■ **EXERCISE**
Once you find the line with "Glacier de Presena recouvert de draps blanc", transcribe it and all the lines that follow to the end of the data, exactly as written; skip any pictures.

■ **SOURCE MATERIAL**
Segment Open
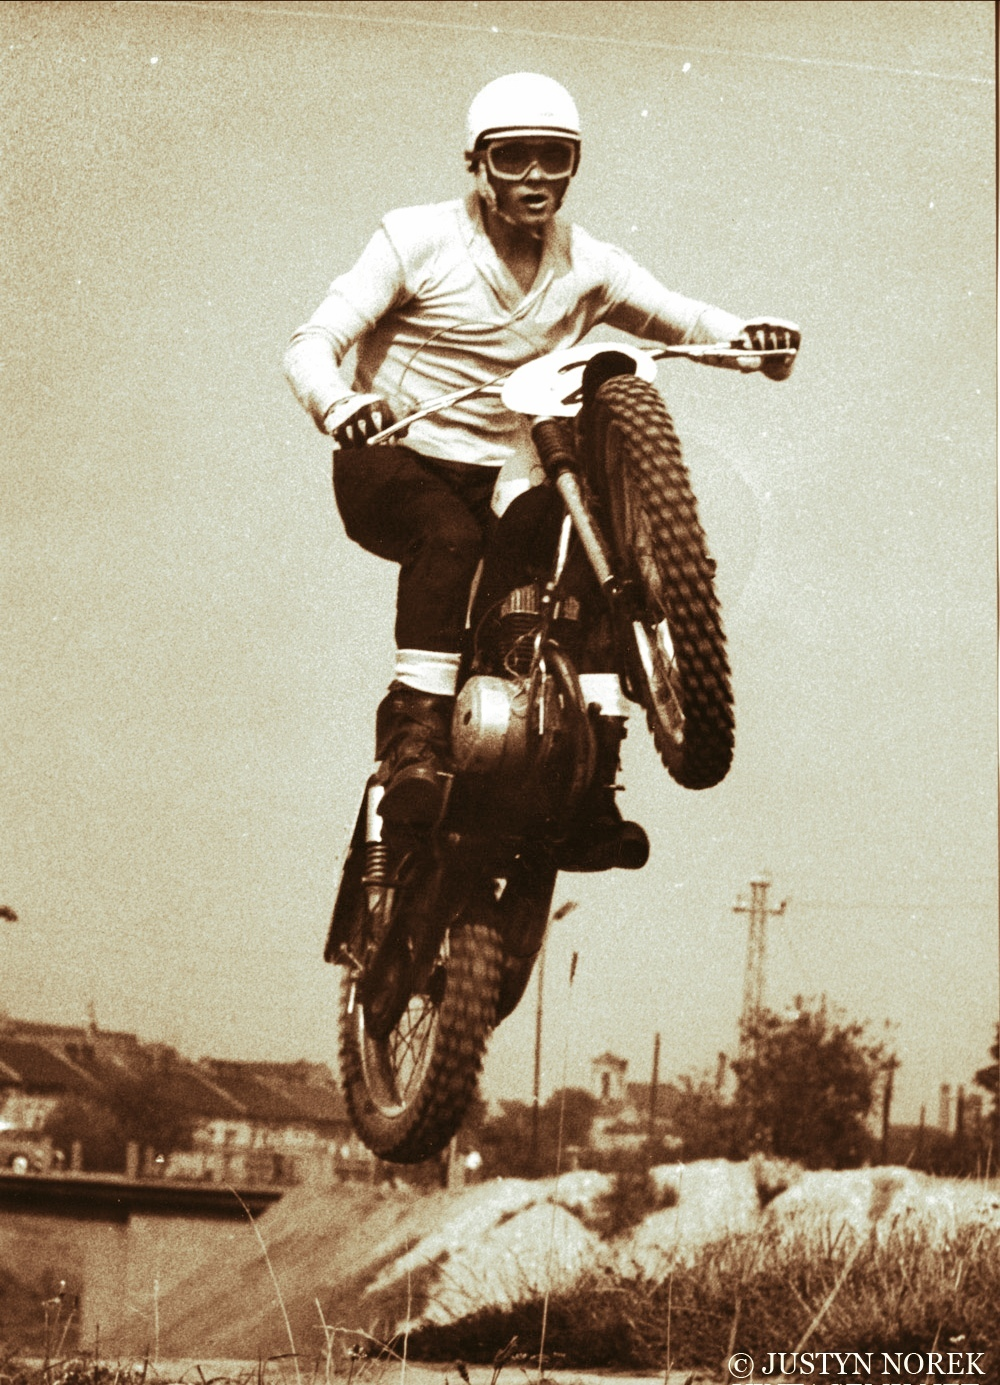 vintage-GP-1960s-28.jpg#asset:37258
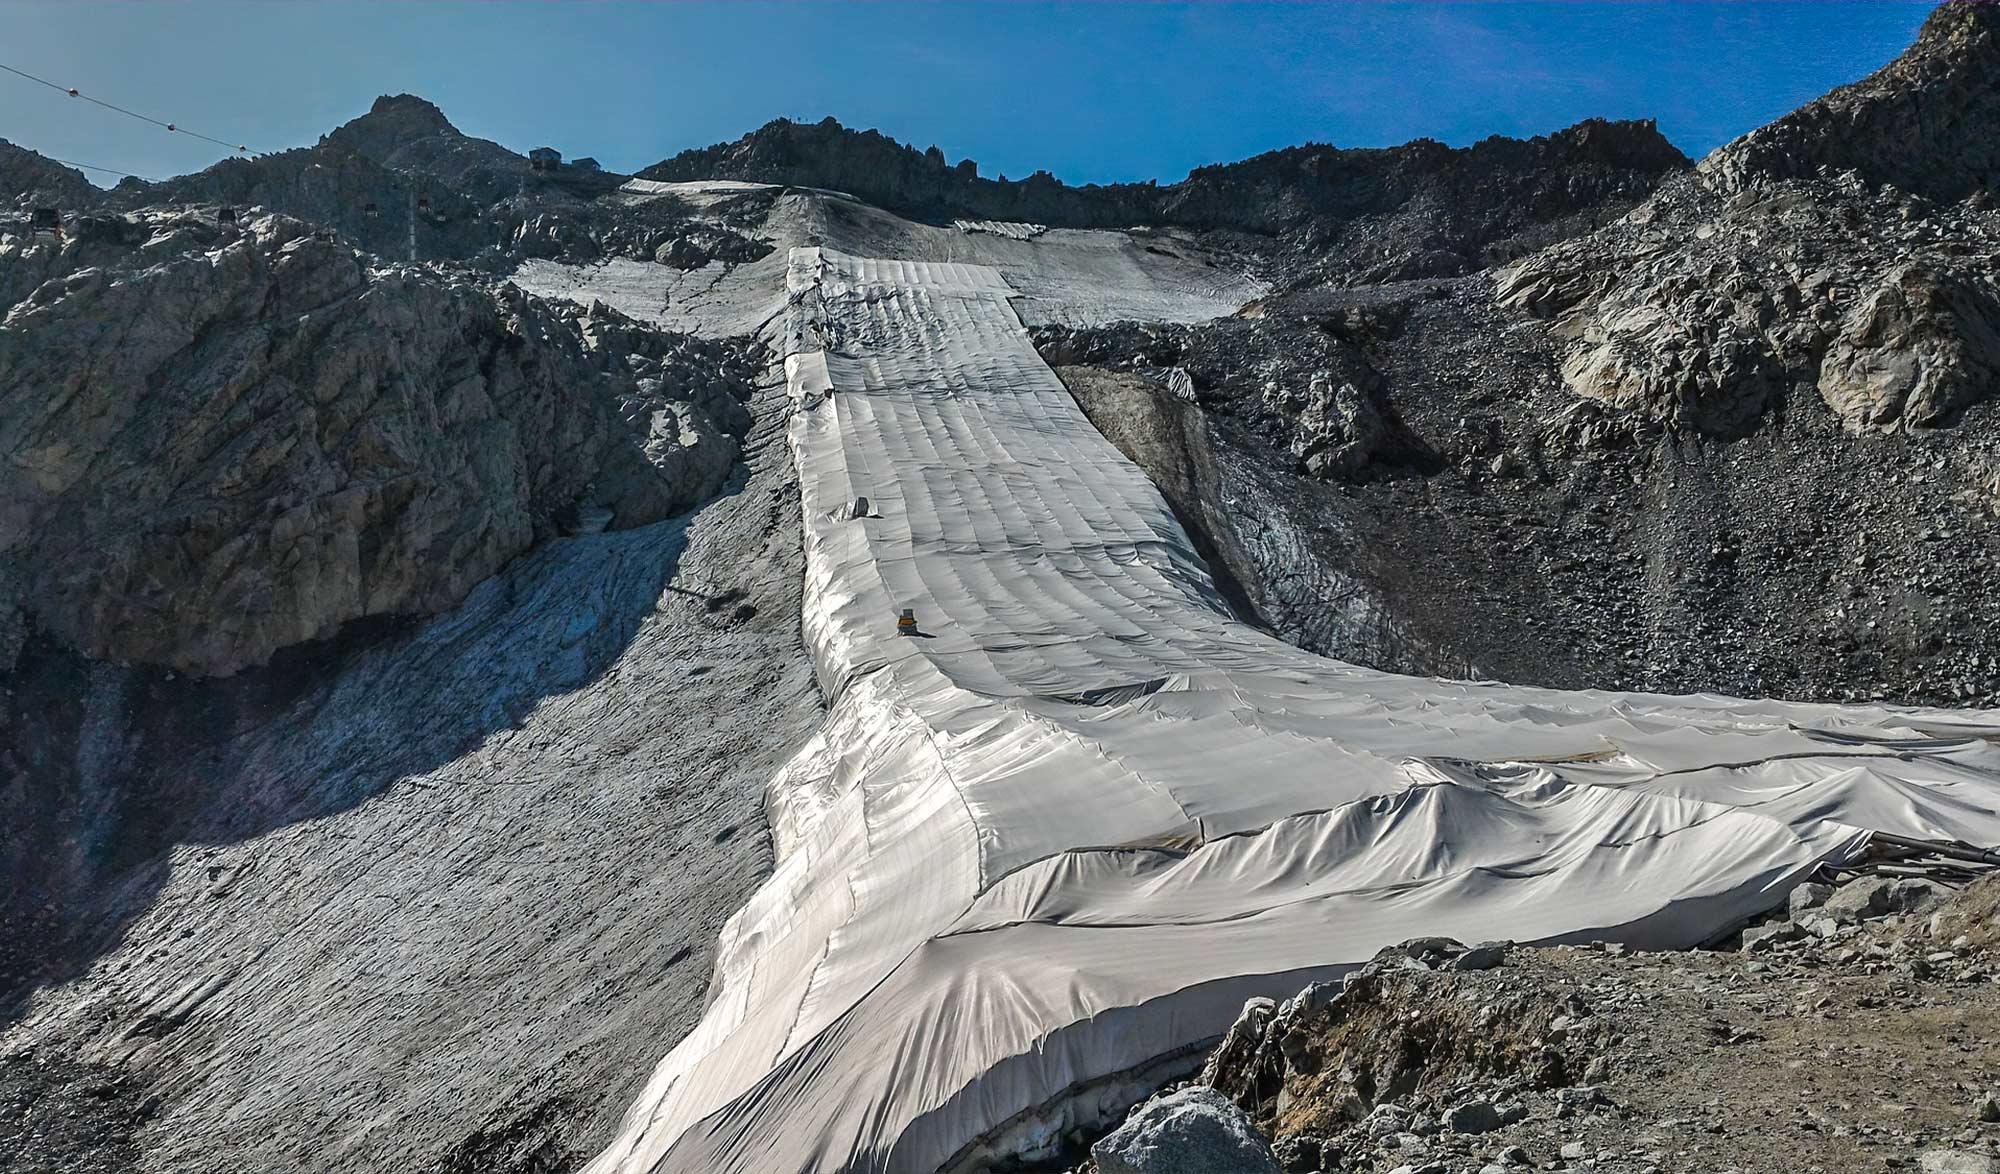 Glacier de Presena recouvert de draps blanc
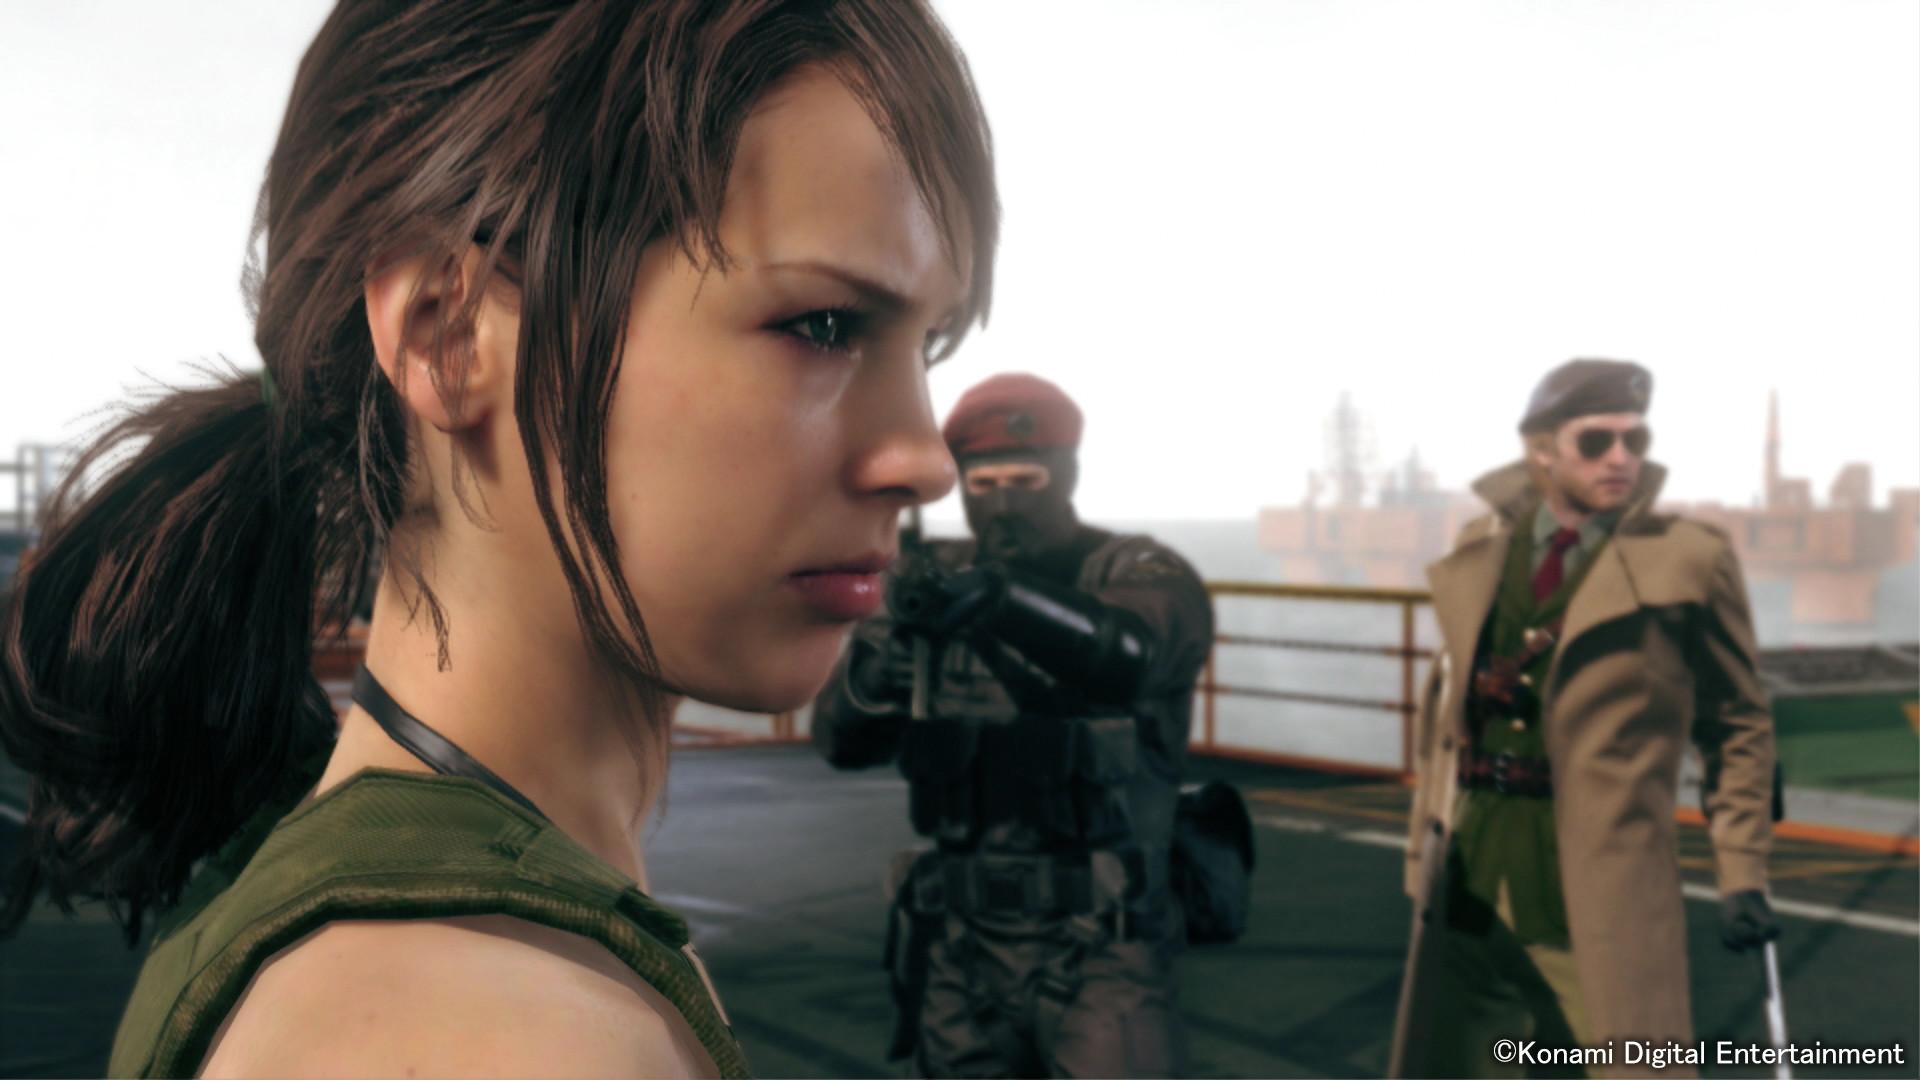 Metal Gear Solid 5 PS4 Patch Fixes Quiet Bug, Buffs Daily Login Bonus –  GameSpot
Segment Closed
■ **RESULT OF THE EXERCISE**
 Glacier de Presena recouvert de draps blanc
 Metal Gear Solid 5 PS4 Patch Fixes Quiet Bug, Buffs Daily Login Bonus –  GameSpot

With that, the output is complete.